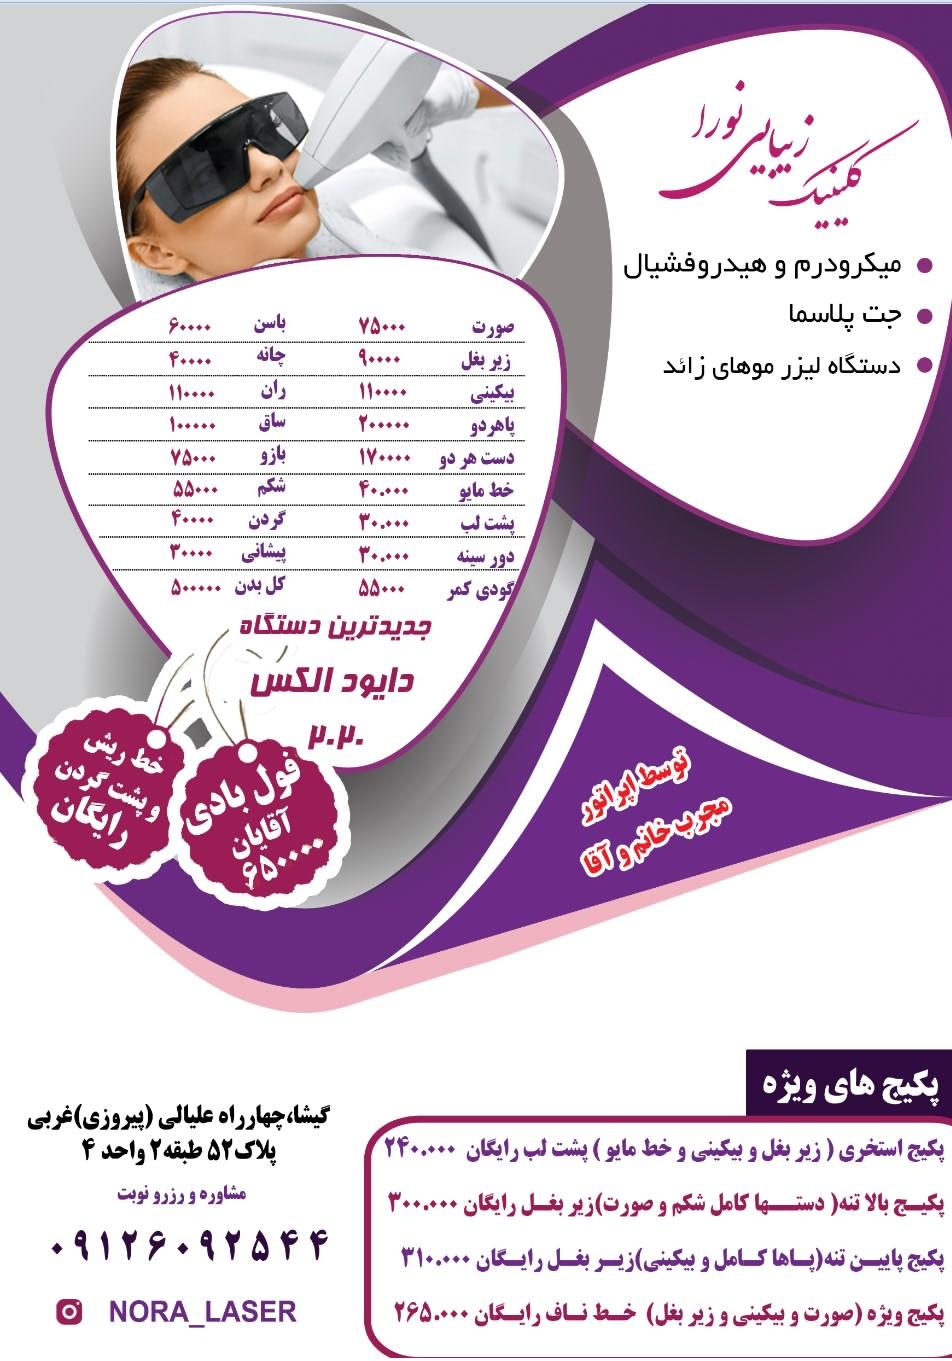 قیمت لیزر موهای زائد در گیشا غرب تهران بهترین مرکز لیزر موهای زائد با دستگاه الکس دایود
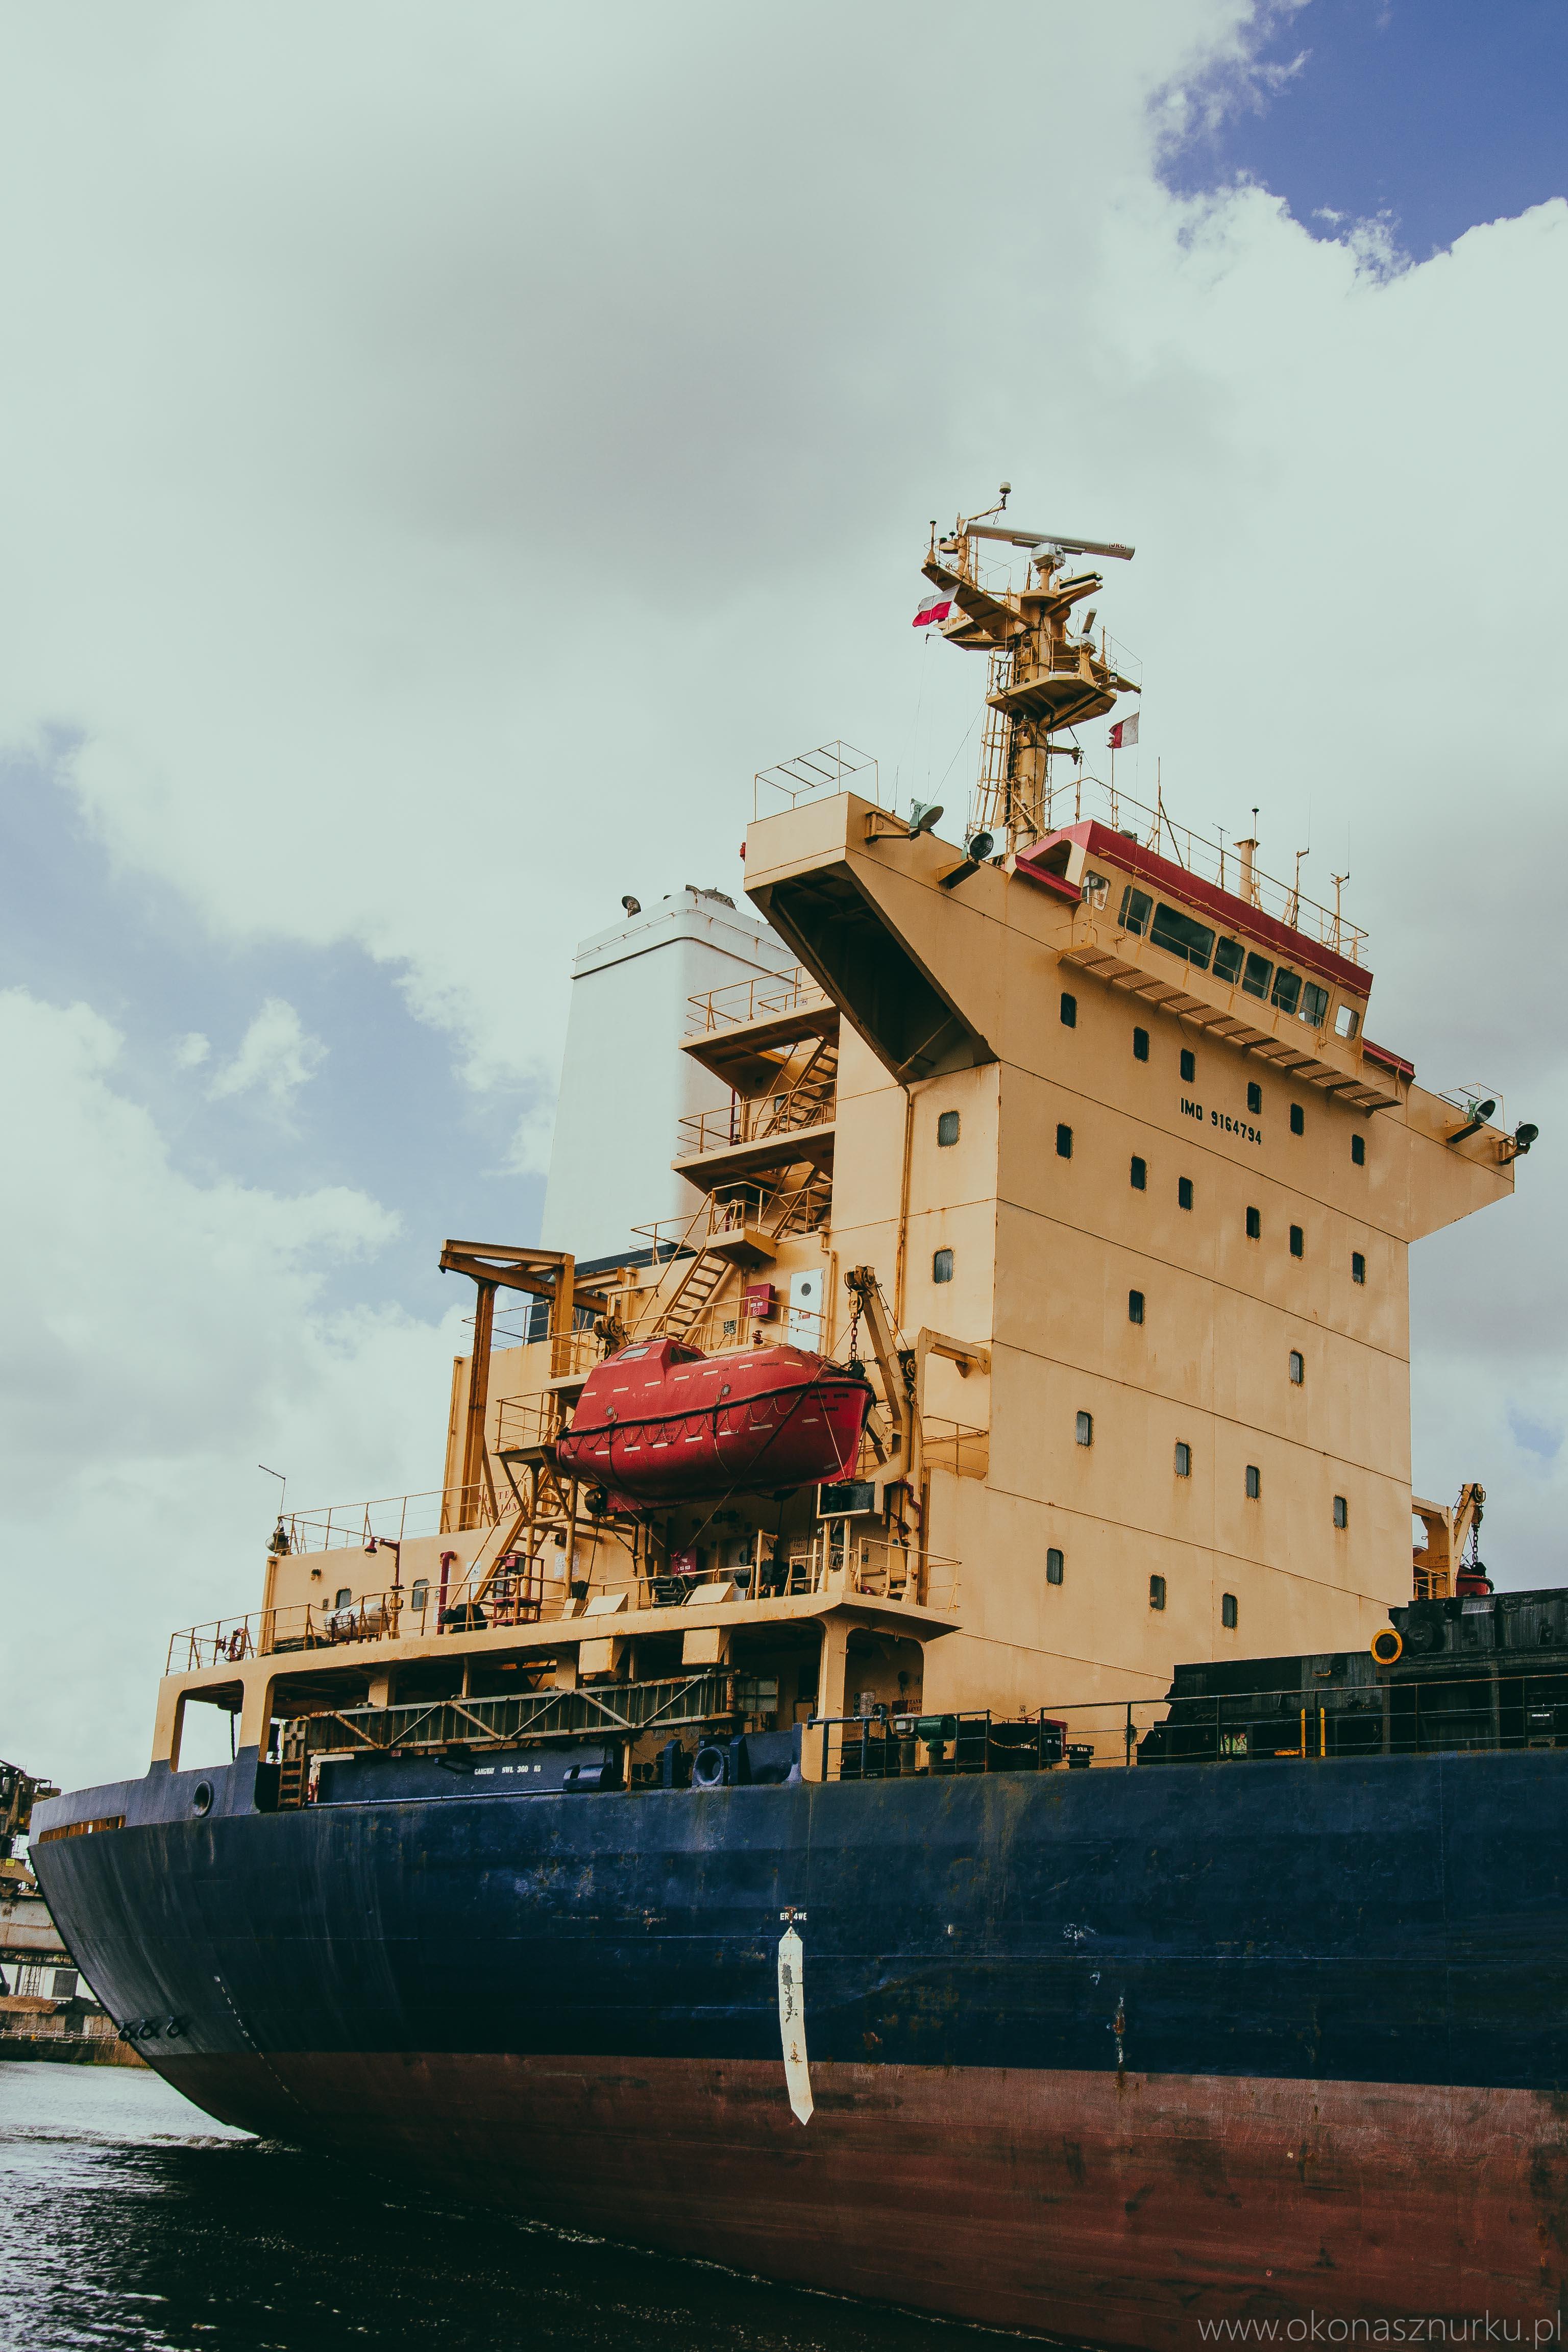 marina-jacht-wyprawy-morskie-silesia-szczecin-goclaw-lubczyna (35)
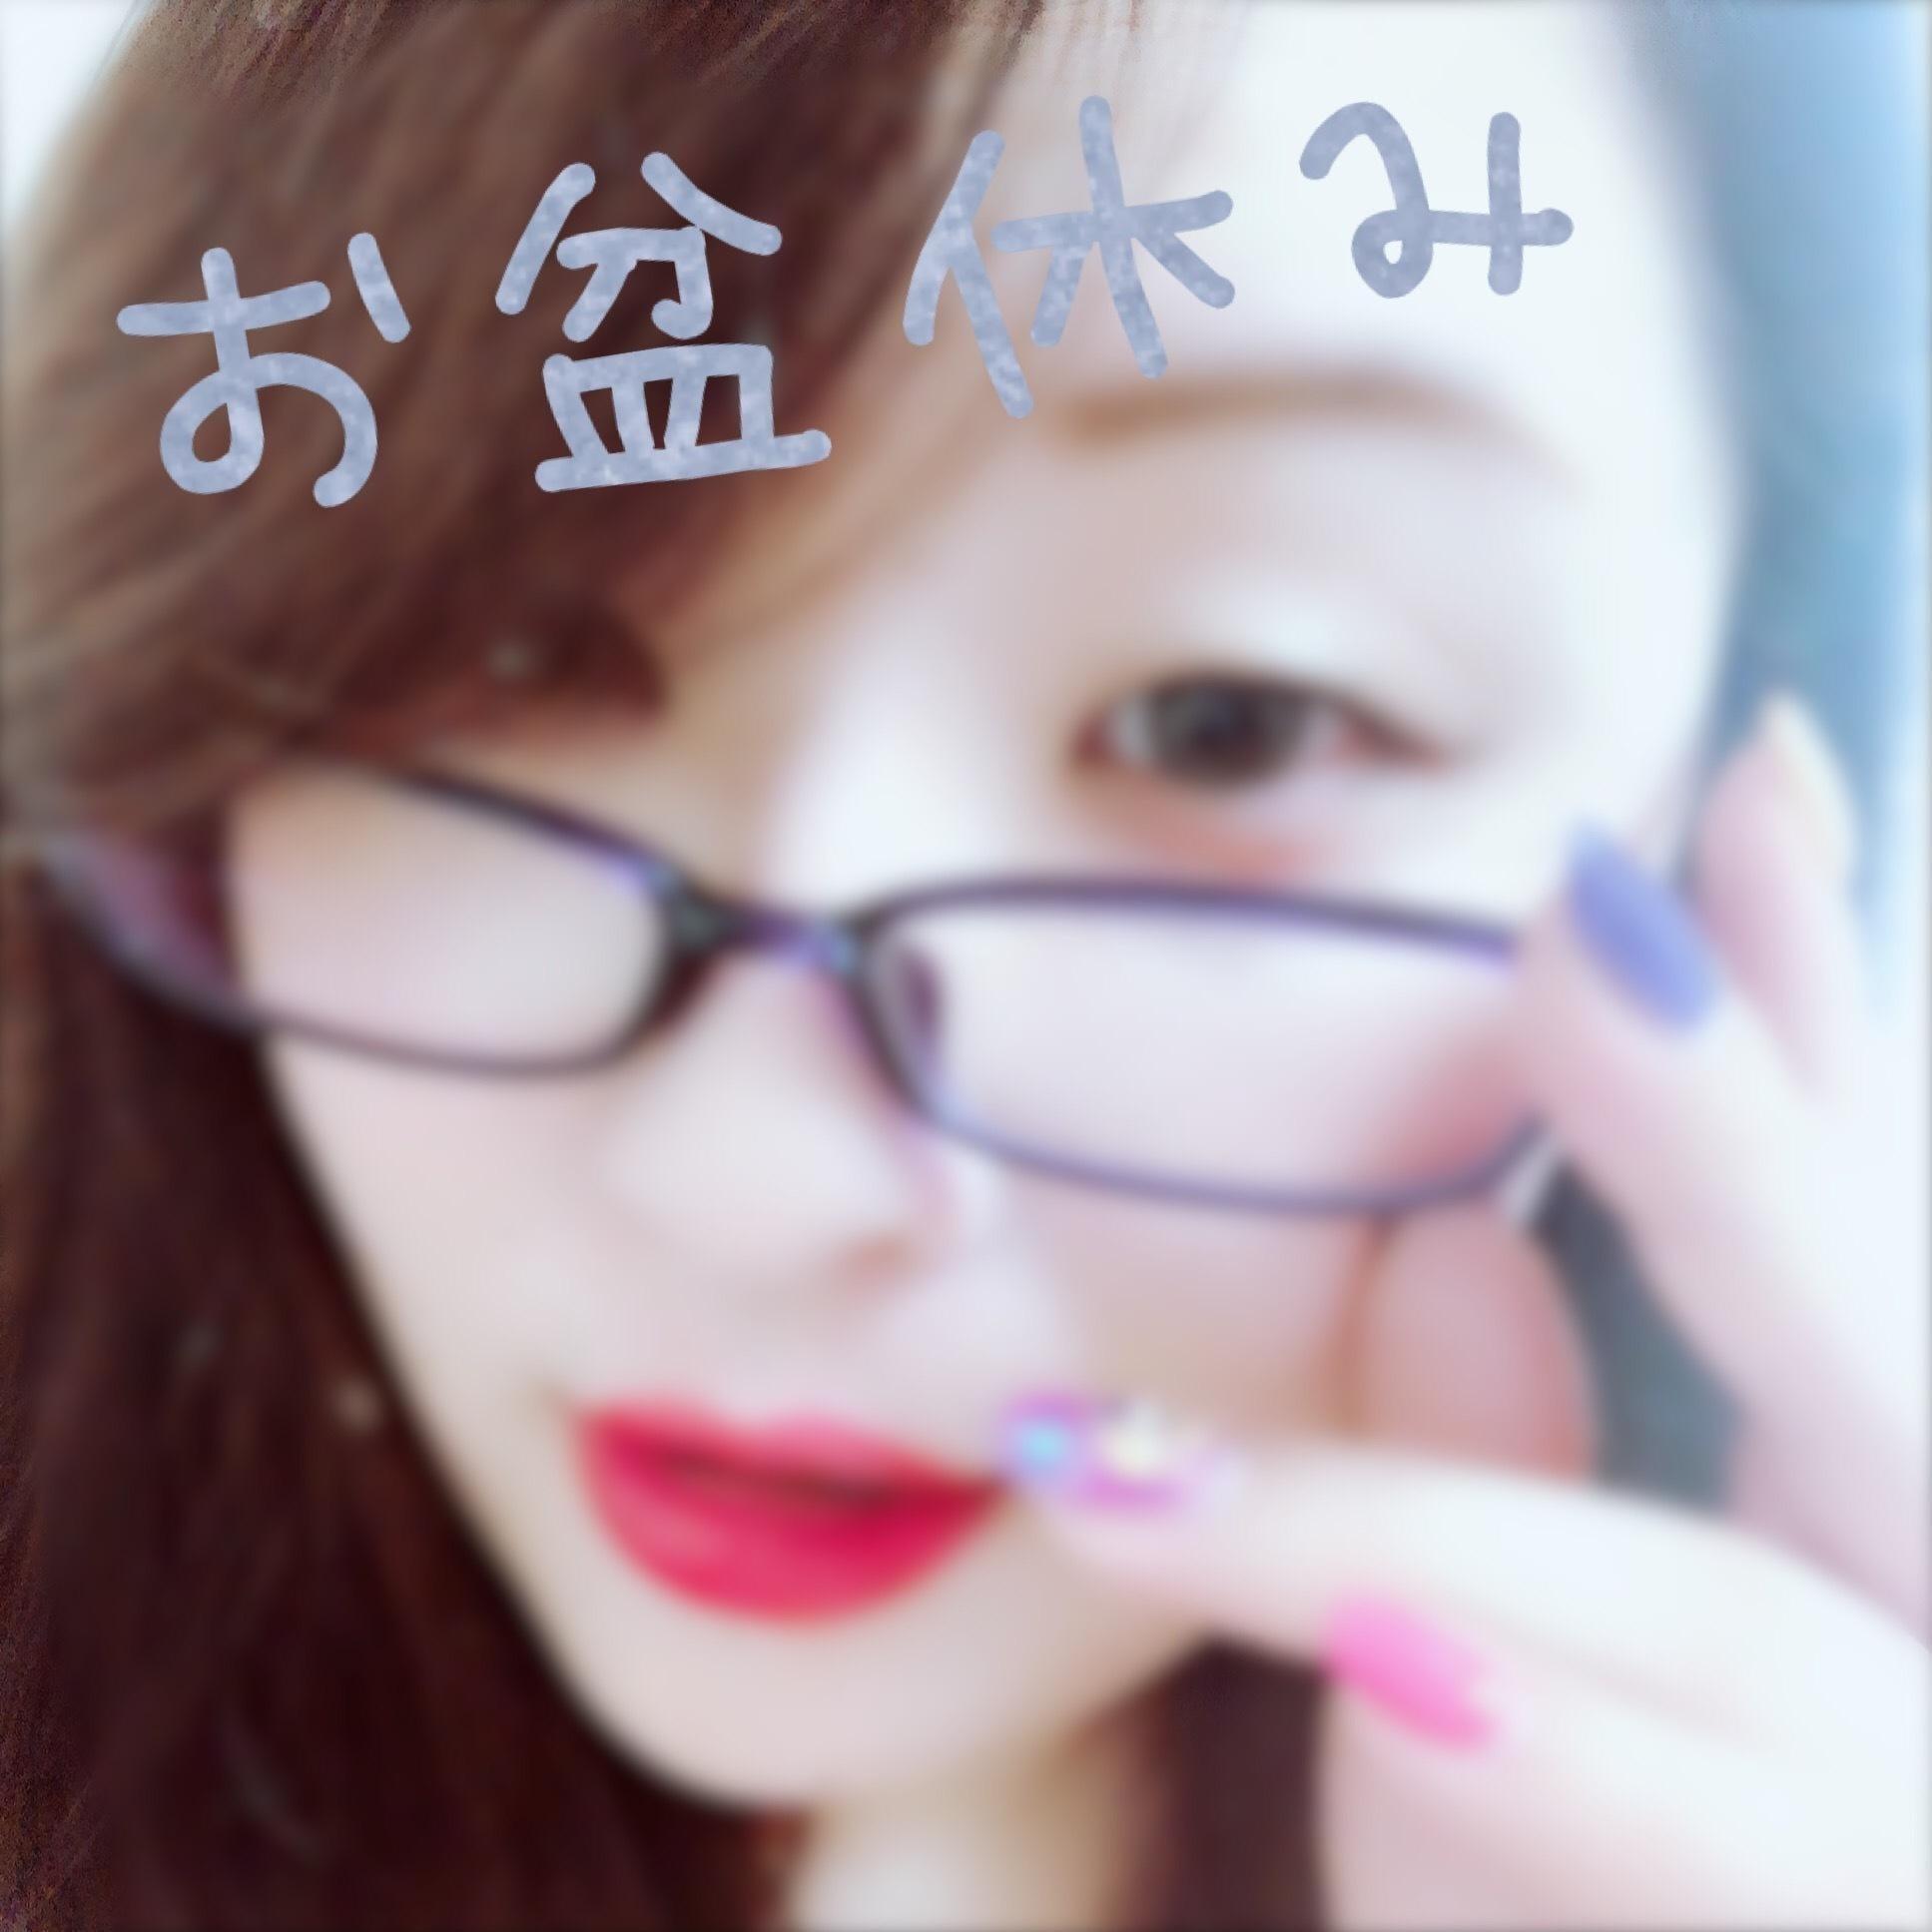 まみ「ぷら日記?お盆も終わり?」08/17(金) 04:34 | まみの写メ・風俗動画
·····
What is required:
All of the material above needs to be restated exactly, with no pictures.

Your solution:
 قیمت لیزر موهای زائد در گیشا غرب تهران بهترین مرکز لیزر موهای زائد با دستگاه الکس دایود
 marina-jacht-wyprawy-morskie-silesia-szczecin-goclaw-lubczyna (35)
 まみ「ぷら日記?お盆も終わり?」08/17(金) 04:34 | まみの写メ・風俗動画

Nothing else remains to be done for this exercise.